Kiki forgot what she was saying when she saw who was walking into Waffle Hut. Jasmine’s face was turned away, since she was talking over her shoulder, but Kiki would recognize the particular shade of her hair from half a mile away. And the person she was talking to?
Mark.
“Is something wrong?” Lyman asked, swiveling to look behind him.
“Wrong? No. Of course not.” Kiki’s heart was banging like a drum-track playback on double speed. She
had talked to Mark and Jasmine every single day that week, and neither one mentioned that Mark had asked Jasmine out, much less that she had said yes.
“Are you sure?” Lyman turned back to face Kiki. He held her hands with both of his and peered into her face. She knew she must look absolutely awful for him to be so concerned.
“Yes, I’m sure,” Kiki lied, plastering a false smile on her face. Waffle Hut was not a large restaurant. They would see her sooner or later, and if she didn’t say anything it would be even worse. She cleared her voice and called, “Jazz! Mark! Hey!”

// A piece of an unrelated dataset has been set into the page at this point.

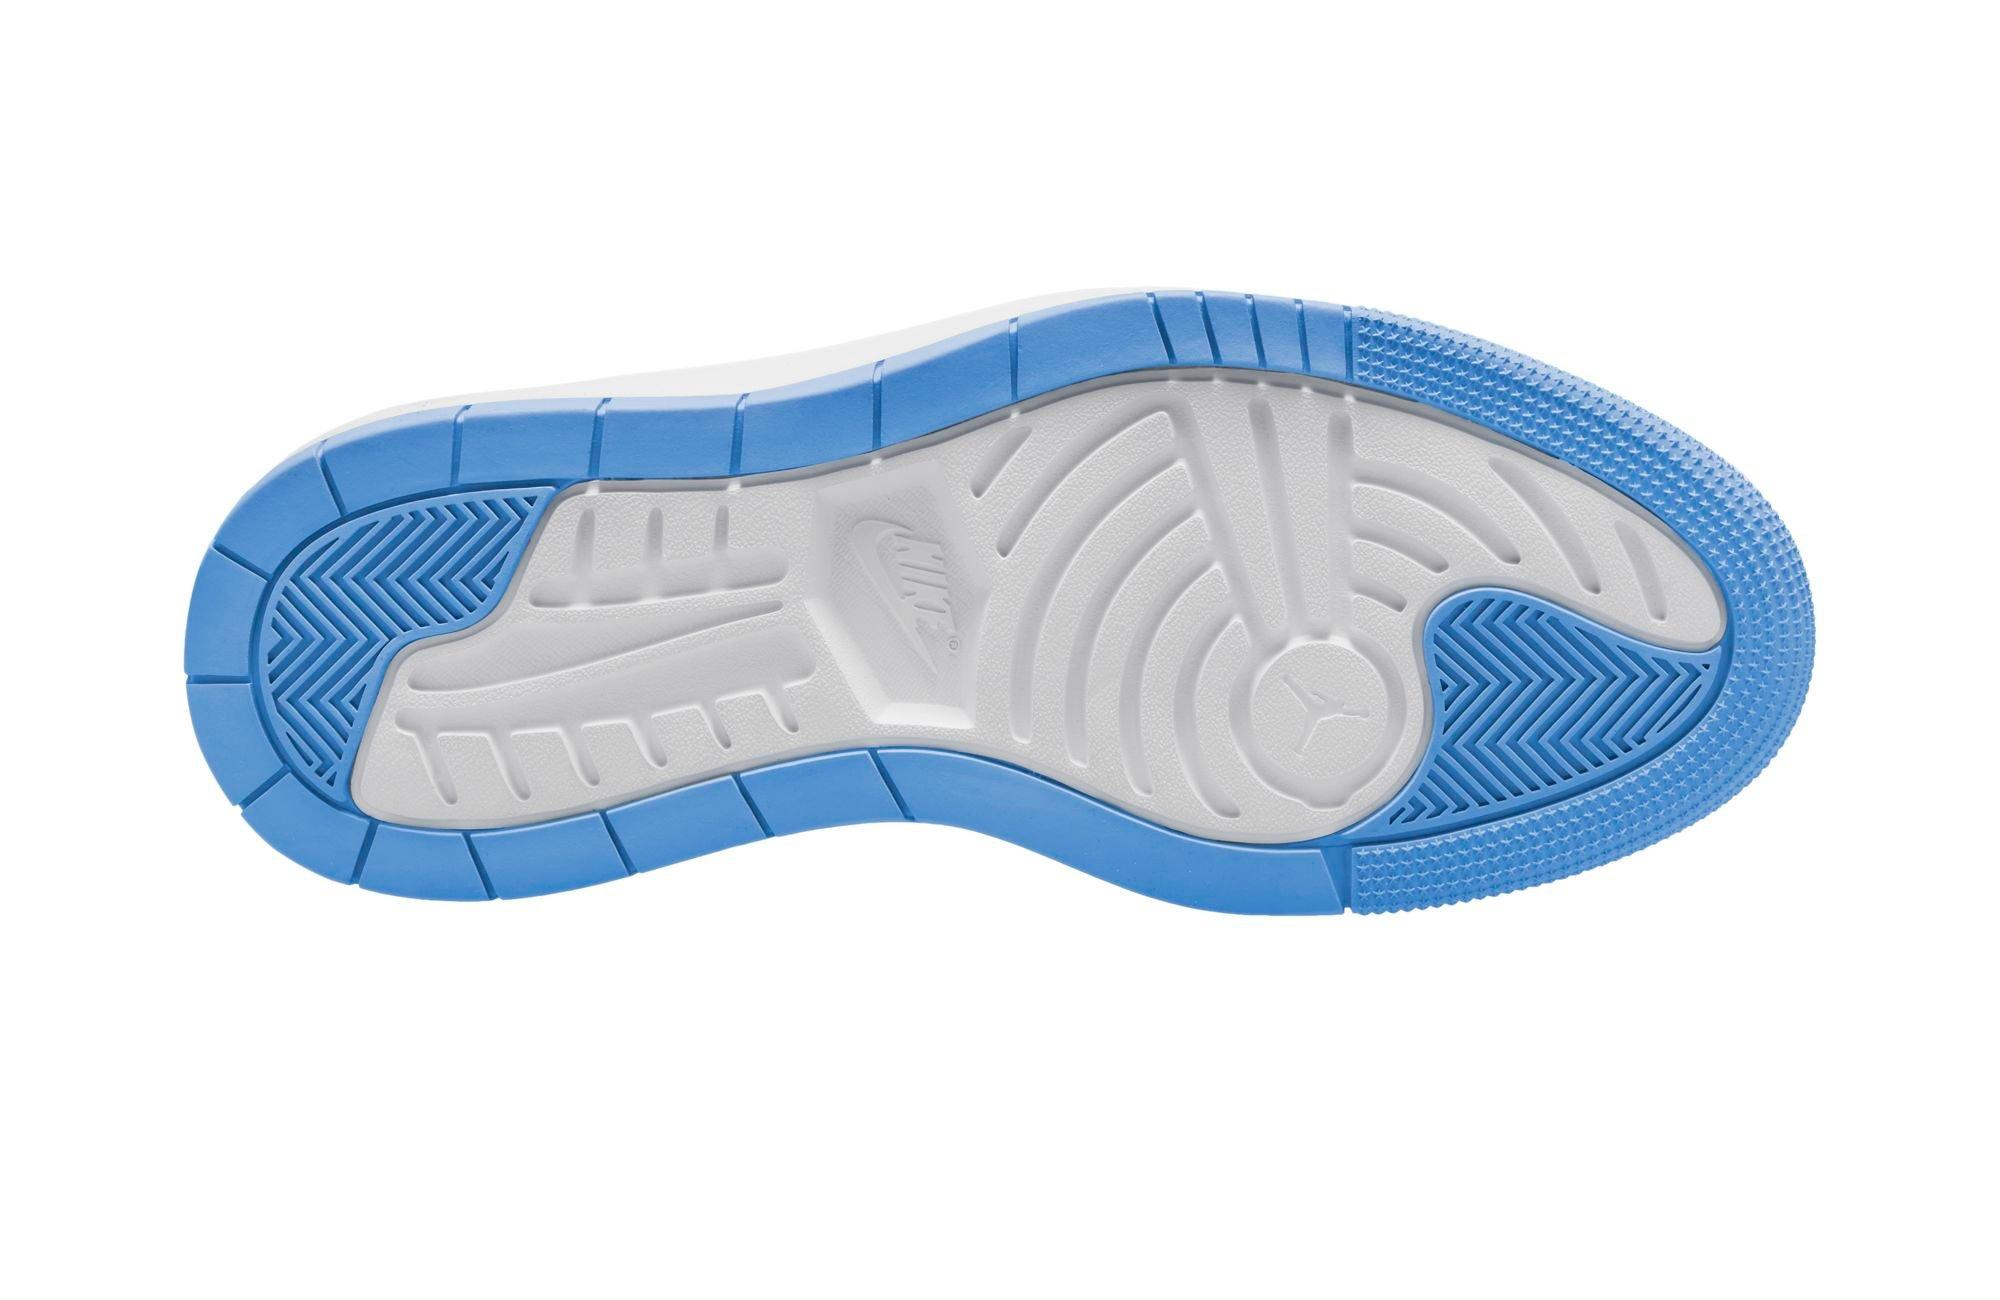 Sneakers Release – “University Blue” UNC

Jasmine’s face, pale to begin with, went stark white. Mark turned pink, but both of them managed to sound perfectly normal when they said hello to Lyman, though Mark’s face had gone strangely still. Kiki wasn’t quite as successful. She almost introduced Mark as her friend, choked halfway through the word, then said he was the bassist for Temporary Insanity, as if that was all he was to her. Kiki didn’t introduce Jasmine at all. She clearly wasn’t the friend that Kiki had thought her to be.

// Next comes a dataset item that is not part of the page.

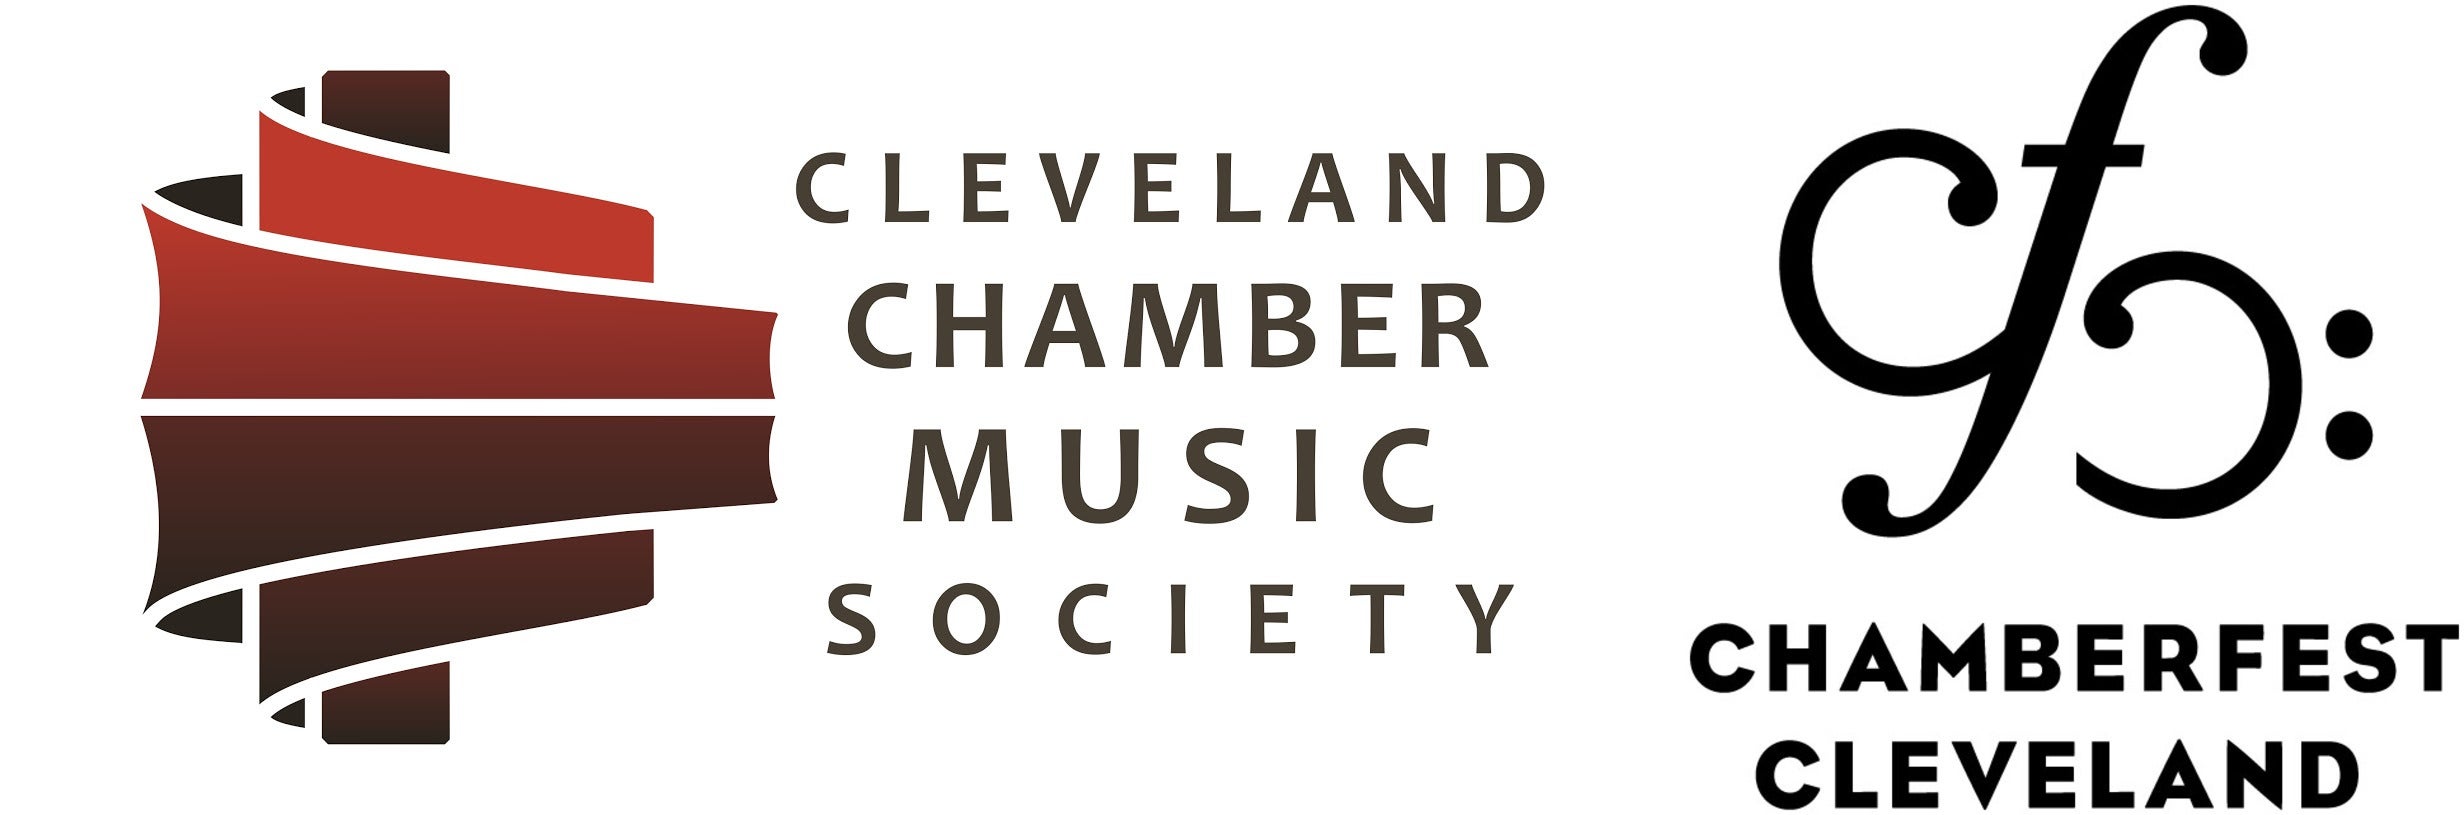 Cleveland Chamber Music Society and ChamberFest Cleveland

“Is something going on with the band?” Lyman asked as soon as Jasmine and Mark settled at the other end of the diner, out of Kiki’s line of sight.
“There’s always something going on with the band. We’re called Temporary Insanity for a reason.” She sighed. Of course, she had told Jasmine that she was over Mark. She must have said it one hundred times since Tuesday morning. But she never thought Jasmine would actually go out with him. She didn’t really think Mark would have the guts to call her. Other guys were scared of Jasmine—she was kicked off the debate team for being too mean in cross-examination. She actually made a boy from Carroll cry at her first and last tournament.
“I’m sorry to hear that.” Lyman gave her hands a gentle squeeze. “I think you’re really strong, to handle the pressure as well as you do.”
Kiki could feel herself blushing. “Um, thanks. I mean, I don’t think I do all that great a job at it really, but—”
“Seriously. I’m on the periphery of the industry myself, remember. You’re fantastic.”
“Wow. Thanks, Lyman. For the record, I think you’re pretty impressive, too.” She twined her fingers around his and leaned across the table. She knew Jasmine would think this kiss was for their benefit, and maybe Mark would, too, if he had half a clue. But it really was all about Lyman, his reward for saying just the right thing at just the right time.